Other expense components, which include occupancy, depreciation and amortization, increased $980,000 quarter to quarter. Occupancy costs as a percentage of revenues declined during third quarter 2004 versus 2003, indicative of the fixed nature of these costs.

 

Expenses related to stores that were opened during the second half of 2003 accounted for $0.8 million of the increase in total store expense, primarily due to employee compensation and higher losses. Comparable store expenses for the current quarter increased over prior year’s quarter by approximately $2.2 million, or 13.8%. The increase in total expenses from stores opened during 2004 (approximately $1.0 million) was partially offset by the lack of expenses for stores closed during 2003 and 2004.

 

Store Gross Profit. Store gross profit improved $2.3 million, or 24.7%, from $9.3 million in third quarter 2003 to $11.6 million in third quarter 2004. Store gross margin, which is store gross profit as a percentage of revenues, improved to 36.3% from 35.6%. Comparable stores during third quarter 2004 reported a gross margin of 39.9%, versus 37.7% in third quarter 2003. Stores opened during the last six months of 2003 contributed $329,000 in gross profit during third quarter 2004. Stores opened during 2004 reported a modest loss for the three months ended September 30, 2004.

 

Regional and Corporate Expenses. Regional and corporate expenses increased $1.3 million during the three months ended September 30, 2004, to $4.4 million from $3.1 million in prior year’s quarter. This increase was largely attributable to additional corporate personnel to ensure efficient support for the increase in the number of stores. Together, regional and corporate expenses totaled 14.0% of revenues in third quarter 2004, which is below our expected annual range of 15% to 16% of revenues.
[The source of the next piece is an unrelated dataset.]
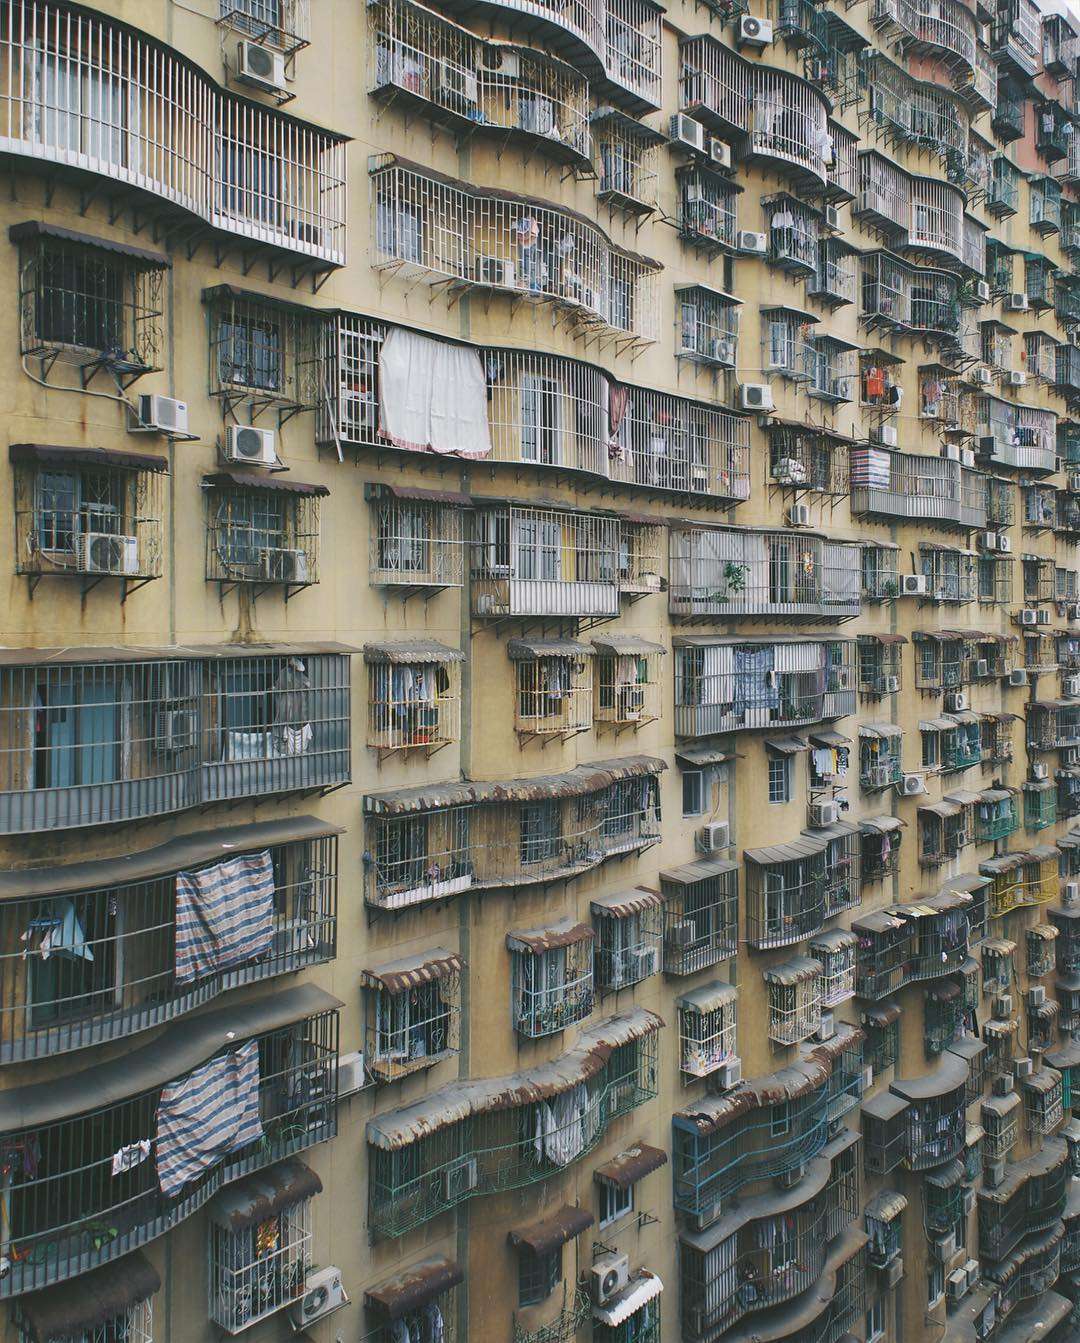 Shot of residential buildings in Macau

The higher expected level of regional and corporate expenses reflects the additional costs of being a public company and the related reporting and compliance expenses.

 

Interest. Interest income totaled $40,000 during the three months ended September 30, 2004 compared to interest expense of $193,000 in third quarter 2003. This change quarter to quarter reflects the repayment of all indebtedness with the proceeds received in connection with our Public Offering completed in July 2004 and the investment of the remaining proceeds in cash equivalents.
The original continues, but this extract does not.